The container chosen is up to the taste of the individual, but there are some basic considerations. A container needs to have enough room for the plants it will contain, as well as the media to support those plants. Drainage holes are another key factor. Do not use a layer of gravel at the bottom of the pot for drainage; a layer of gravel will actually hinder water movement away from roots. The composition of the container needs to be considered—plastic pots get brittle outdoors in the sun, and outdoor clay pots need more frequent watering, for example. Succulents don’t need as deep a dish as other plants, since they can tolerate shallow rooting.

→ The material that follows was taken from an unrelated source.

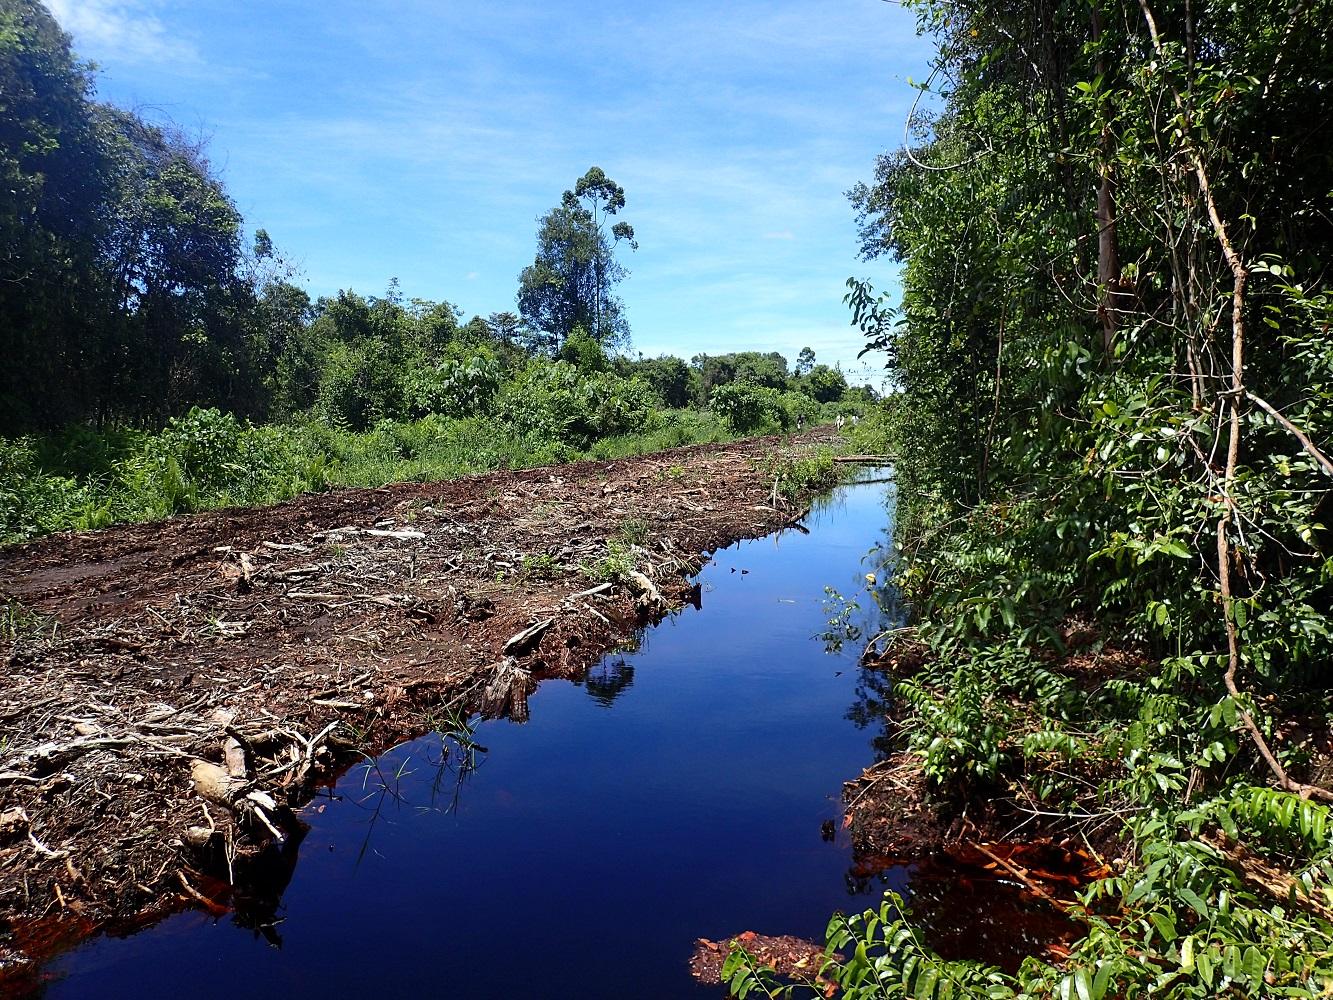 Oil Palm Plantation Road and Draingage in Sarawark Malaysia

Plants used in dish gardens generally stay small or are slow growing. It is essential to select plants with similar watering and light needs for a successful dish garden. Planting a succulent, which needs a fast-draining soil to avoid overwatering, together with a nerve plant, which likes moist soil and thrives in high humidity, is going to create a difficult maintenance situation at best. Plants with similar growing conditions have the best chance at creating a pleasant, low-maintenance dish garden.
The media chosen for the pot will vary, depending upon the type of plants used; media should drain well, but hold adequate moisture and should not be very fertile. Fertile soil will encourage rapid growth. Fast-draining media contains sand, perlite and other ingredients that expedite drainage to prevent cactus and other succulents from sitting in water for too long.
When designing the dish garden, keep in mind that plants in groups of odd numbers (three, five, etc.) are often perceived as more aesthetically pleasing. Many people choose to make dish gardens similar to floral arrangements (Figure 1), with a “thriller” (tall plant in the middle), a “filler” (bushy plants that fill voids in the pot) and a “spiller” (trailing plants that hang over the side). Others like to use plants to make miniature scenes, complete with miniature hardscaping or figurines, to portray fairy gardens, jungle environments, or model parks. Dish gardens give free rein to creativity once the basic plant needs are met.
Figure 1. Examples of the concepts of thriller, filler and spiller.
When transplanting from nursery pots to a container, it is important to remove the plant properly to prevent damage to the roots of the plant (Figure 2). Place your hand over the top of the pot, putting half of your fingers on one side of the plant and half on the other side of the plant (making a “v” shape). Turn the pot upside-down and squeeze the edges of the pot. The plant should slide out on its own. Never pull the plant out of the pot; the roots could break.
Figure 2. Correct method of removing a plant from a pot. (Graphic courtesy of National Gardening Association).
To plant in a container, fill the container part way with potting media, so transplants will have their roots on top of the media, with room for downward growth. After arranging the plants, fill the container with potting media so that the plants have media to the same level as they did in their original pots. Burying the crown of a plant can lead to rot; planting too shallow will dry out the roots. When filling the container with media, be aware that settling will occur after watering. Tamp the potting media around the plants, but do not compress the mix so much that air pockets are removed. Leave some room between the top of the media and the top of the container, so media and water stay in the dish garden when watering.
Feel free to add items to your dish garden to create a fun display; be careful not to overdo it. The plants are the real stars of the dish garden!